Why Google News may miss some articles

When Google News scans all the sites included in its system, it follows links that it interprets to be news articles. Our crawler uses a number of factors to determine what is and isn't a news article, many having to do with the amount of body text that appears in a given page's HTML. If our system can't extract article text, it won't include your content in Google News.

Below, are a list of some of the most common issues that can prevent our crawler from extracting your articles' text:

  1. If the article content appears to be too long to be a news article, our crawler may not recognize it as an article.

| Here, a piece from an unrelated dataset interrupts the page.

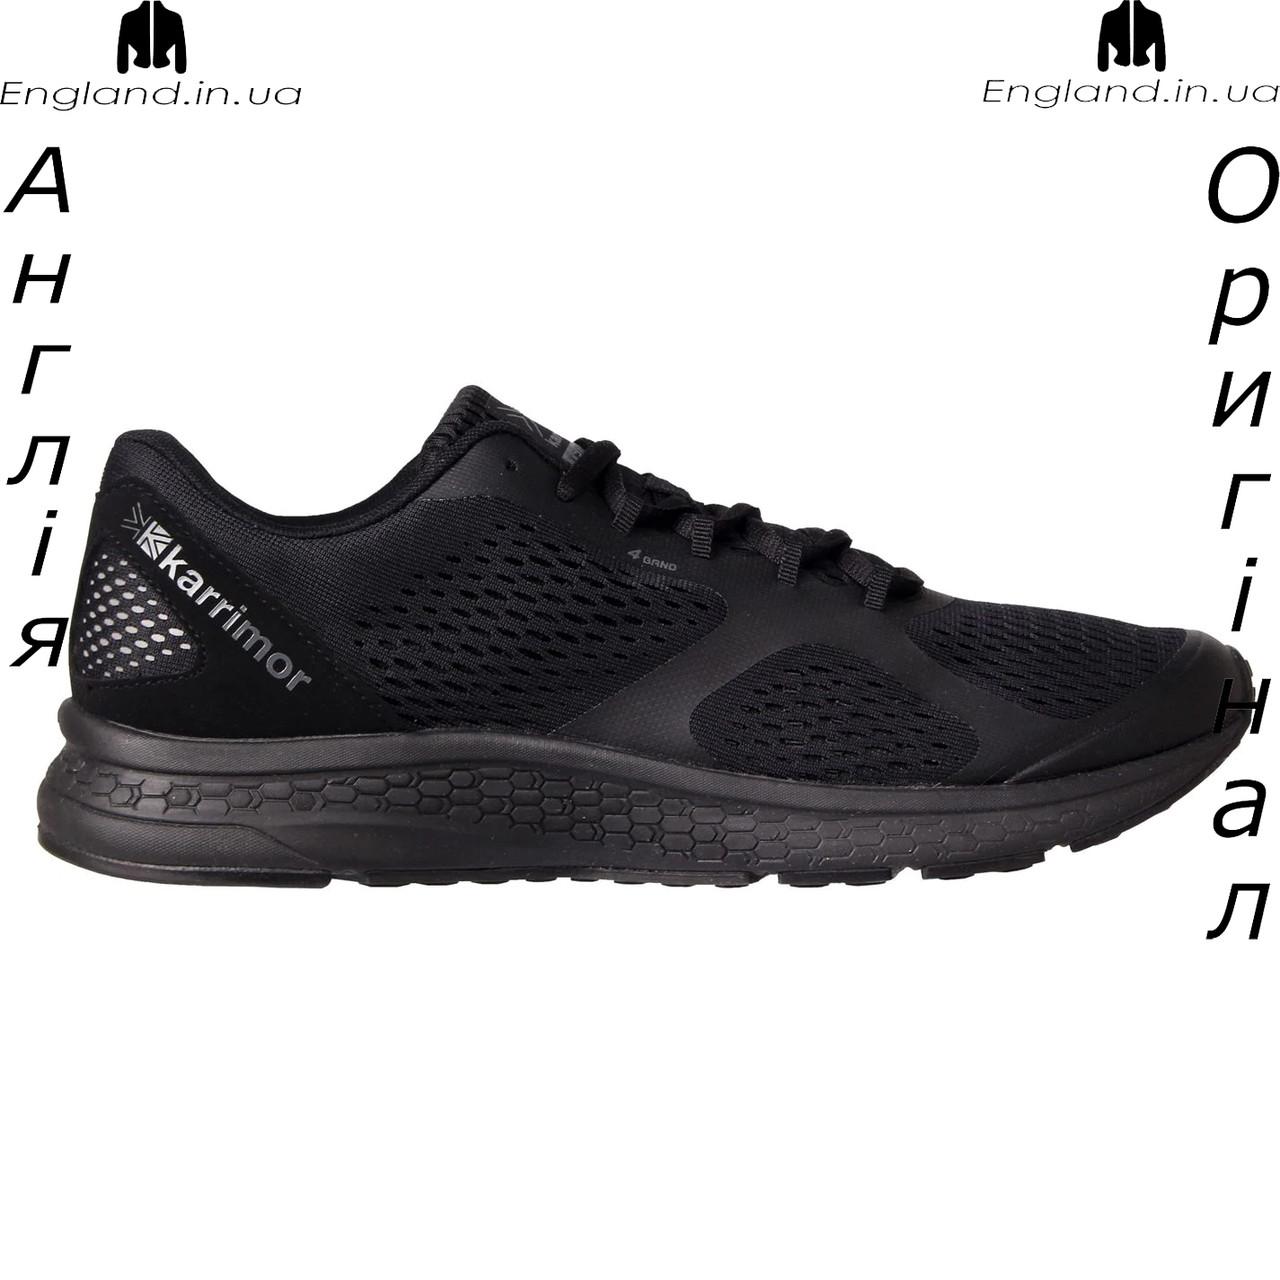 Кроссовки мужские Karrimor из Англии - для бега и тренировок

This may happen with news articles that contain user-contributed comments below the article, or HTML layouts that contain other material besides the news article itself.
  2. If the article content doesn't have punctuated sequences of contiguous words, we won't be able to include it in Google News. Make sure that the text of your articles is made up of sentences, and that you don't use frequent tags within your paragraphs.
  3. If the article content appears to consist only of isolated sentences not grouped into paragraphs, we won't be able to crawl it. Try formatting your articles into text paragraphs of a few sentences each.
  4. If the article content constitutes a small fraction of the text on the page, we won't be able to include it in our News index. Consider removing some of the non-article text on the page.
  5. If the article content appears to contain too few words to be a news article, we won't be able to include it. This applies to most links that would lead to news briefs or multimedia content, rather than full news articles.
  6. If the article content appears to be empty, we won't be able to crawl it. Make sure that the full text of each of your articles is available in the source code of your article pages (and not embedded in a JavaScript file, for example).
  7. If the article content is prevented from being crawled by a robots.txt file or a robots meta tag, Googlebot won't be able to access your article. Try removing the "noindex" and/or "nofollow" meta tags, or checking that your robots.txt file allows "User-agent: Googlebot" access to the file where your news articles are stored.

In addition to making simple formatting changes to your content, we also recommend that you follow our steps for troubleshooting missed articles and make sure you've submitted a Google News Sitemap.